The Recruit has been winning plaudits and enthralling viewers on Netflix, with its knotty tangle of international espionage, high-octane action, and witty legal drama, but viewers may not be aware that the narrative is loosely based on the experiences of one of the show’s producers, Adam Ciralsky. Much like the show’s protagonist, Ciralsky was recruited as a rookie lawyer by the CIA, and much of The Recruit’s drama stems from Adam’s experiences as a newcomer to an institution driven by suspicion and paranoia, and as a lawyer trying to prevent - or justify - state actions that often go beyond the bounds of international law.
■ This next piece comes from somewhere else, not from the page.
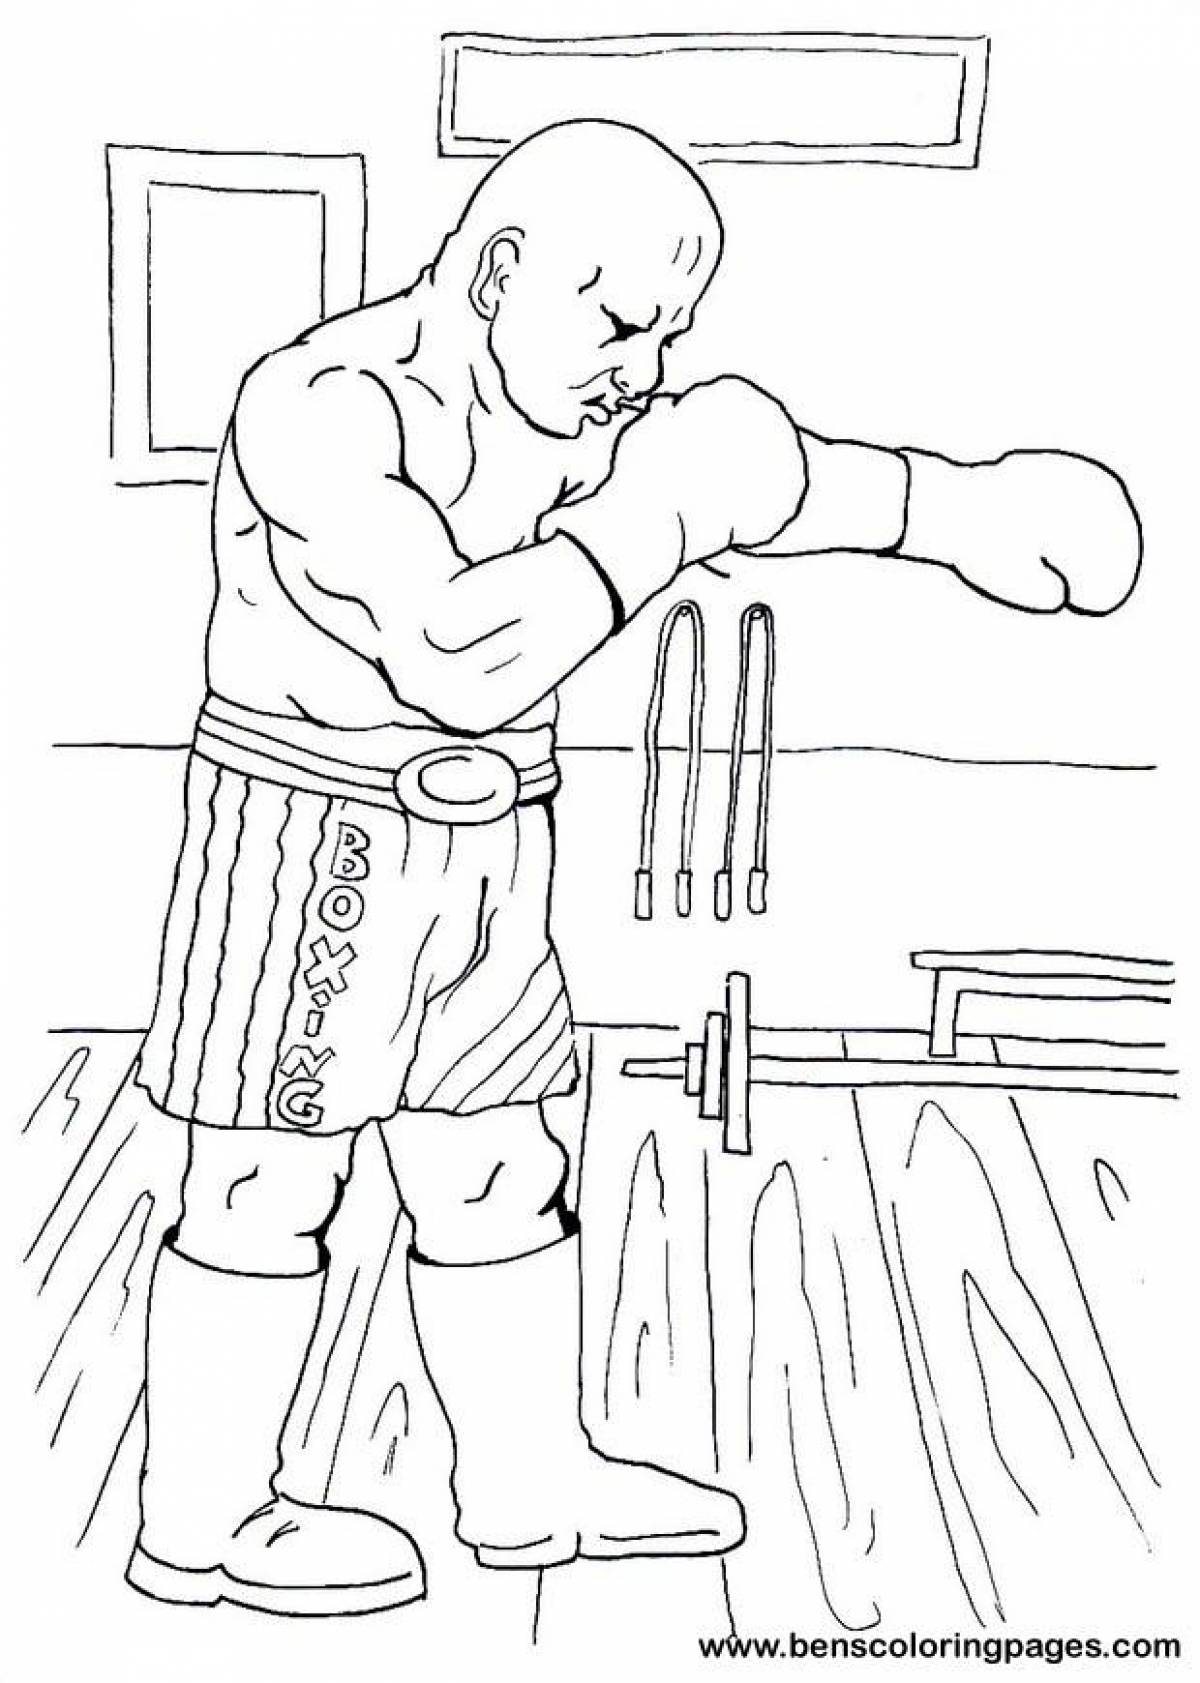 Exciting boxing and boo coloring page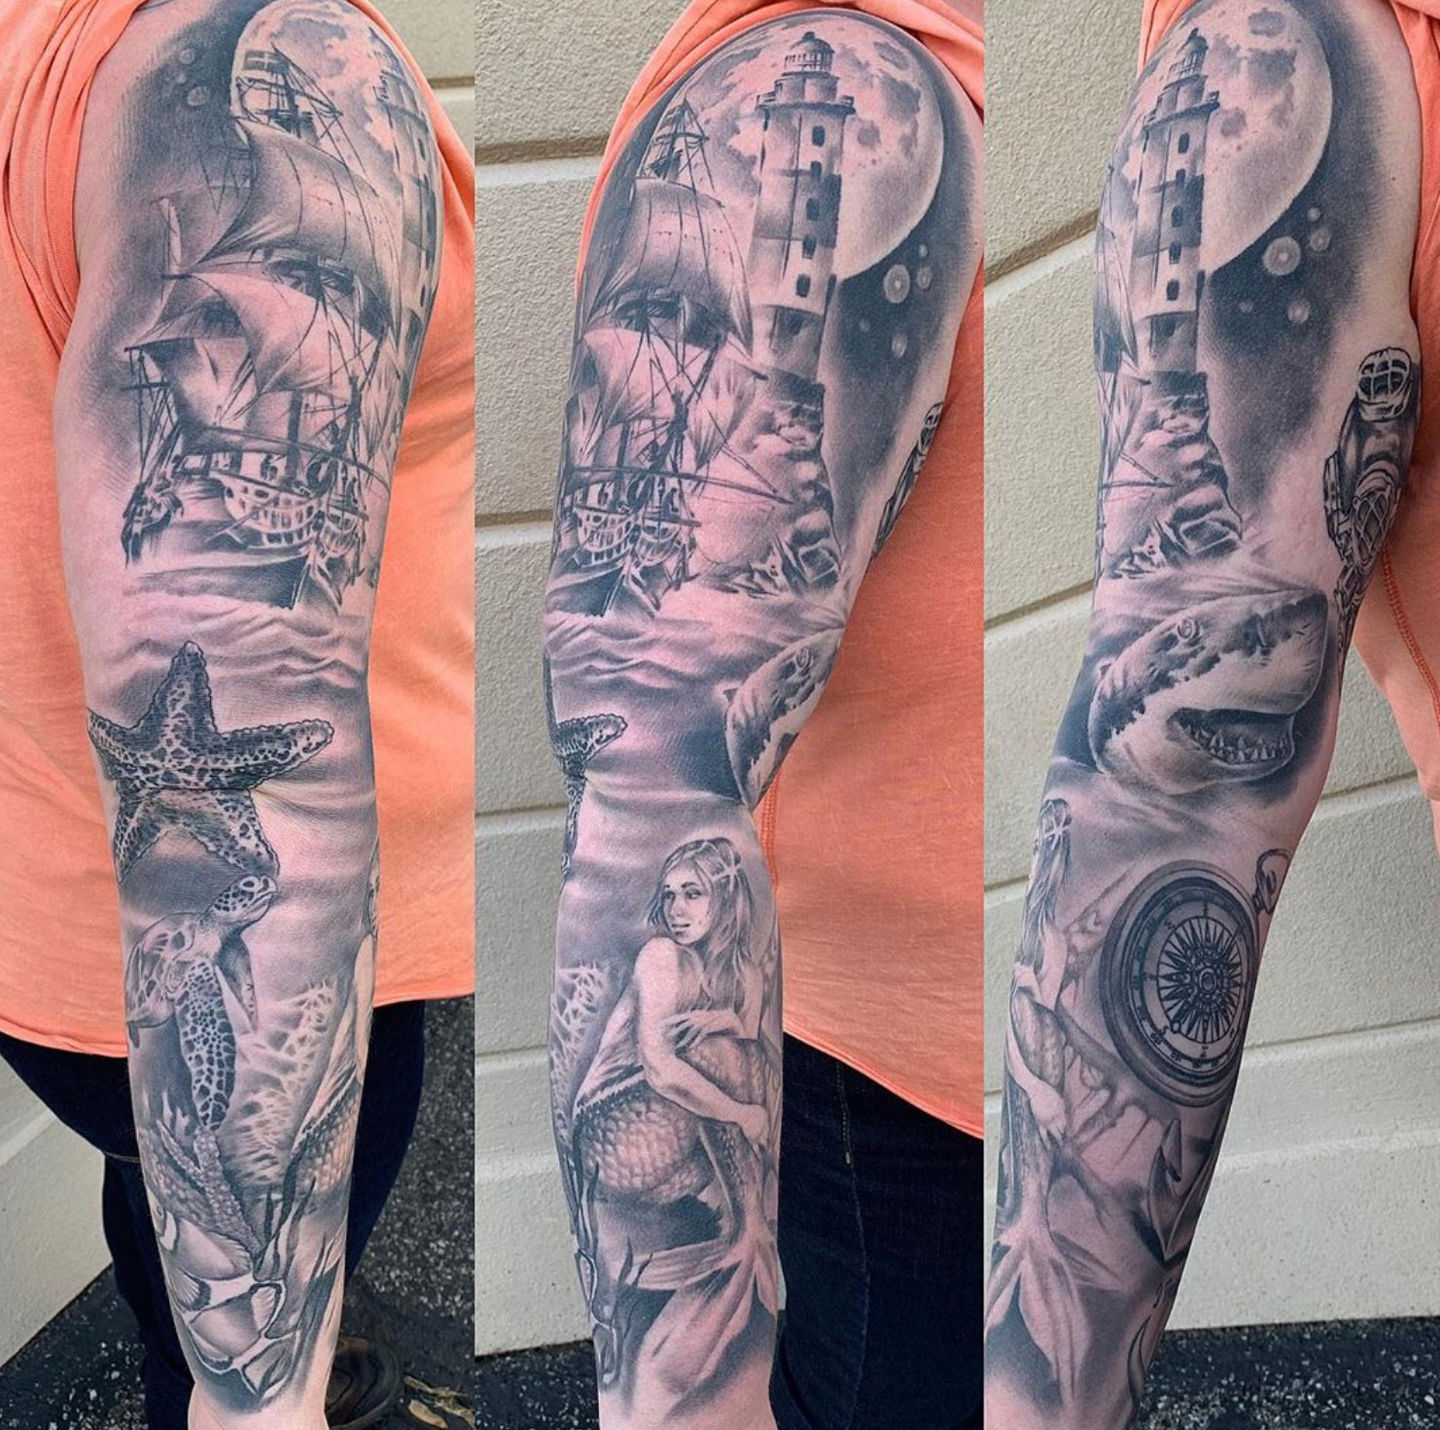 Finished up more of my storming ocean sleeve Done by Jory at Lake Erie  Studio in point place Ohio  rtattoo

As well as being hugely entertaining, the insights of this Secret Superhero provide a rare glimpse behind the scenes of the Agency.
THE ORIGINAL RECRUIT
Adam was born in 1971, and grew up in Milwaukee, Wisconsin before moving to Washington D.C. to study international affairs, and then a law degree in Illinois. While studying in Washington he began working for the Office of the Secretary of Defense, helping to combat the proliferation of weapons of mass destruction and their means of delivery. In his last year of law school,, he was recruited by the CIA to join its Legal Honors Program, an initiative that brings “superior entry-level attorneys” into the Agency, and trains them up for the highly specialised legal challenges that are posed by the CIA’s work.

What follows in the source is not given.